3,3,Manchester Arena bombing: Saffie Roussos's par...,The parents of the Manchester Arena bombing's ...,The parent Manchester Arena bombing youngest v...
4,4,Ukraine conflict: Oil price soars to highest l...,Consumers are feeling the impact of higher ene...,Consumers feeling impact higher energy cost fu...


----------

## Applay LDA

In [75]:
#1. Import the data for the LDA algorithm
npr_LDF = pd.read_csv("Data\\bbc_news_post_eda.csv")
npr_LDF.drop(columns='Unnamed: 0', inplace=True)
npr_LDF

Unnamed: 0,title,description,description_text
0,Ukraine: Angry Zelensky vows to punish Russian...,The Ukrainian president says the country will ...,The Ukrainian president say country forgive fo...
1,War in Ukraine: Taking cover in a town under a...,"Jeremy Bowen was on the frontline in Irpin, as...",Jeremy Bowen frontline Irpin resident came Rus...
2,Ukraine war 'catastrophic for global food',One of the world's biggest fertiliser firms sa...,One world biggest fertiliser firm say conflict...
3,Manchester Arena bombing: Saffie Roussos's par...,The parents of the Manchester Arena bombing's ...,The parent Manchester Arena bombing youngest v...
4,Ukraine conflict: Oil price soars to highest l...,Consumers are feeling the impact of higher ene...,Consumers feeling impact higher energy cost fu...
...,...,...,...
17791,England v Ireland: Stuart Broad says bowlers r...,Stuart Broad says England's attack is ready to...,Stuart Broad say Englands attack ready step As...
17792,"England v Ireland: Stuart Broad, Zak Crawley &...",Watch highlights as Stuart Broad's five-wicket...,Watch highlight Stuart Broads fivewicket haul ...
17793,Phil Neville: Inter Miami sack coach after 10 ...,Major League Soccer side Inter Miami sack coac...,Major League Soccer side Inter Miami sack coac...
17794,French Open: Jessica Pegula column on getting ...,"American Jessica Pegula, seeded third in the F...",American Jessica Pegula seeded third French Op...


In [76]:
#2 Perfrom preprocessing on the data (i.e., building the vocab)
#Building the settings for the CountVectroizer. 
from sklearn.feature_extraction.text import CountVectorizer
cv_LDF = CountVectorizer(lowercase=True,stop_words='english',ngram_range=(1, 2) ,max_df = 0.85, min_df= 3 )
    #lowercase --> This will Convert all characters to lowercase before tokenizing
    #stop_words --> This will remove all the commoon words in the english language 
    #ngram_range --> When it is (1,2) this will consider means unigrams and bigrams
    #max_def --> When =0.85, this will tell the model to ignore words that appear in more than 85% of the articles
    #min_def --> When =3, this will tell the model to ignore words that appear in less than 3 of the articles

cv_LDF


In [78]:
#3 Create a Document Term Matrix Using the CountVectroizer's settings 
dtm_LDF = cv_LDF.fit_transform(npr_LDF['description_text'].values.astype('U'))
    #The data must be converted to unicode (i.e., a string in python 3)
dtm_LDF

<17796x14541 sparse matrix of type '<class 'numpy.int64'>'
	with 202580 stored elements in Compressed Sparse Row format>

In [83]:
#4. Get the vocab of all the words (This step is not essential)
#Get the number of words used 
print (len(cv_LDF.get_feature_names_out()))
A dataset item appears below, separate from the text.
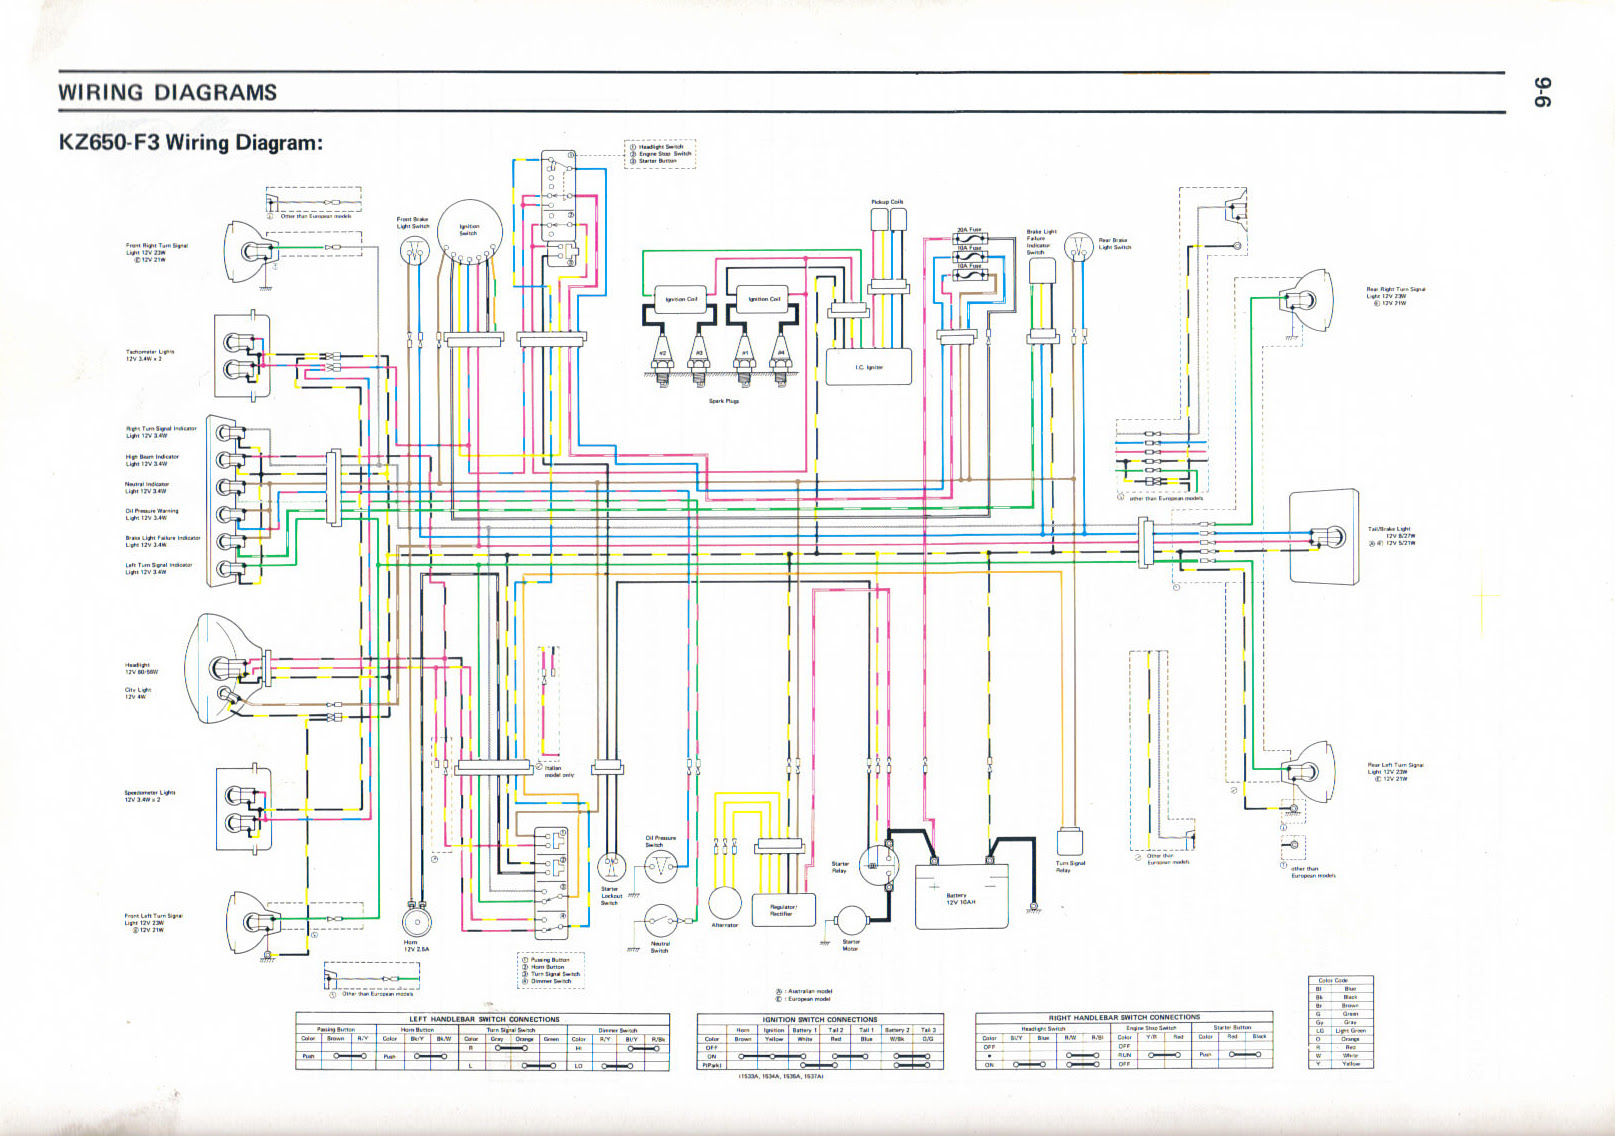 Citroen C2 Wiring Diagram Pdf - Wiring Diagrams Name lush-reason -  lush-reason.illabirintodellacreativita.it | Citroen C2 Wiring Diagram Pdf |  | illabirintodellacreativita.it

#There is 14541 words in the Vocab of the DTM 

14541


In [84]:
#Example view the 1994 word 
print (cv_LDF.get_feature_names_out()[1994])

camilla


In [85]:
#5 Perfrom LDA via Sklearn. Remember you will choose the # of data

from sklearn.decomposition import LatentDirichletAllocation 
LDA = LatentDirichletAllocation(n_components=5, random_state=101) 
    #n_components --> The K value 
    #random_state --> The set of documents or order being used

#6 Fit the data of the CountVectroizer into the machine learning model 
LDA.fit(dtm_LDF)

In [86]:
#7 Get the number of K values 
print (len(LDA.components_))

#LDA.compoenets_ --> presents each document vs. each word
print (LDA.components_.shape)

5
(5, 14541)


In [88]:
#8 Grab the highest probability words per topic. We must use argsort --> returns the index positions that needed to sort a list. 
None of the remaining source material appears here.